_EXERCISE:_
Sift through the material below and return the lines with "размер".

_TASK MATERIAL:_
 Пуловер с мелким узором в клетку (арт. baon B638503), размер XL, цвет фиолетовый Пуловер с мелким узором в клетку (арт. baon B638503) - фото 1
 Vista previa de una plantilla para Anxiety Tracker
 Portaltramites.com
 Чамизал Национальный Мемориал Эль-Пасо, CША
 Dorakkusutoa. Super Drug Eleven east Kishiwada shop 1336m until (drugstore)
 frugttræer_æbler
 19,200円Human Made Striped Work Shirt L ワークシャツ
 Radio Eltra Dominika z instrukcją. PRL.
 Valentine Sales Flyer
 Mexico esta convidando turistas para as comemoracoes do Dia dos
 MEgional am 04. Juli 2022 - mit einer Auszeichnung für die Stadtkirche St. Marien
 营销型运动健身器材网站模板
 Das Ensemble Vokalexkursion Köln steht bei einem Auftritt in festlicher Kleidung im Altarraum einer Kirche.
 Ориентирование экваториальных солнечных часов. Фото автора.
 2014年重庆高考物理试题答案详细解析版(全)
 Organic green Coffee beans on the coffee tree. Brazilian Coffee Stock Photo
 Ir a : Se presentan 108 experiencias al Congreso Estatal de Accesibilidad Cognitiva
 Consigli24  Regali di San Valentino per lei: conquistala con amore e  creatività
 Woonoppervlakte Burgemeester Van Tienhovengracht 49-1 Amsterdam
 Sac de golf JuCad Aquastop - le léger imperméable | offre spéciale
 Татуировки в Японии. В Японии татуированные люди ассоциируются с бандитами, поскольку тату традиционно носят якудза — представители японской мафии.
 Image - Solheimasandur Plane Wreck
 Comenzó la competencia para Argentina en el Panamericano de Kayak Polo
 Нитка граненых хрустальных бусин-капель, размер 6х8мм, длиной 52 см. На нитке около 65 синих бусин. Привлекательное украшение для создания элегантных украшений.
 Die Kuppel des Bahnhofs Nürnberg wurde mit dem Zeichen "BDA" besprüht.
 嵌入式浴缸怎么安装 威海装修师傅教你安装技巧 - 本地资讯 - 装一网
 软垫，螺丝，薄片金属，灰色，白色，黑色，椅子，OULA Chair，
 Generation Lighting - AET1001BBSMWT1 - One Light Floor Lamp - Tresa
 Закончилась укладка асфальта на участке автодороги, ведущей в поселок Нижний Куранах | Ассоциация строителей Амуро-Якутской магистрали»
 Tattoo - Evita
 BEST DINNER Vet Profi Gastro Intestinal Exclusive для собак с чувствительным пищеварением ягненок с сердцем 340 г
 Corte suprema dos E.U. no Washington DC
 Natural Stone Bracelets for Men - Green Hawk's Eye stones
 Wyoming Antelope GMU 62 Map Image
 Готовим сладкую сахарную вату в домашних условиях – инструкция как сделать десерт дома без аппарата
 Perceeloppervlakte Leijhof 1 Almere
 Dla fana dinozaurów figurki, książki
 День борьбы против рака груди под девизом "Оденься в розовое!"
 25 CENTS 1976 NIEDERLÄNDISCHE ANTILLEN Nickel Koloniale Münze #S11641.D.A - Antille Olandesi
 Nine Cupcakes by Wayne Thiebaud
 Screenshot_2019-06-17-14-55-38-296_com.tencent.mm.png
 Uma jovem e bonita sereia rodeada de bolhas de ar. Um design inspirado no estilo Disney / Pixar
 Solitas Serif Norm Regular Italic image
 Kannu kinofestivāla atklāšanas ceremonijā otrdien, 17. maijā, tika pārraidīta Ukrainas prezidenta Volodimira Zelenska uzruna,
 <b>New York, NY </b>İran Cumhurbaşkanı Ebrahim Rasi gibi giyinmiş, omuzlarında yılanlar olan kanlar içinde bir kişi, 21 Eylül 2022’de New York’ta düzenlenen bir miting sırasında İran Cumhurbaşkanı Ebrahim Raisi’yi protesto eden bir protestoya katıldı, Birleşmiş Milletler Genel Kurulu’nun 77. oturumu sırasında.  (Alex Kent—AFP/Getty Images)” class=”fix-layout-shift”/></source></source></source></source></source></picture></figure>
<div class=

_OUTPUT FOR THIS TASK:_
 Пуловер с мелким узором в клетку (арт. baon B638503), размер XL, цвет фиолетовый Пуловер с мелким узором в клетку (арт. baon B638503) - фото 1
 Нитка граненых хрустальных бусин-капель, размер 6х8мм, длиной 52 см. На нитке около 65 синих бусин. Привлекательное украшение для создания элегантных украшений.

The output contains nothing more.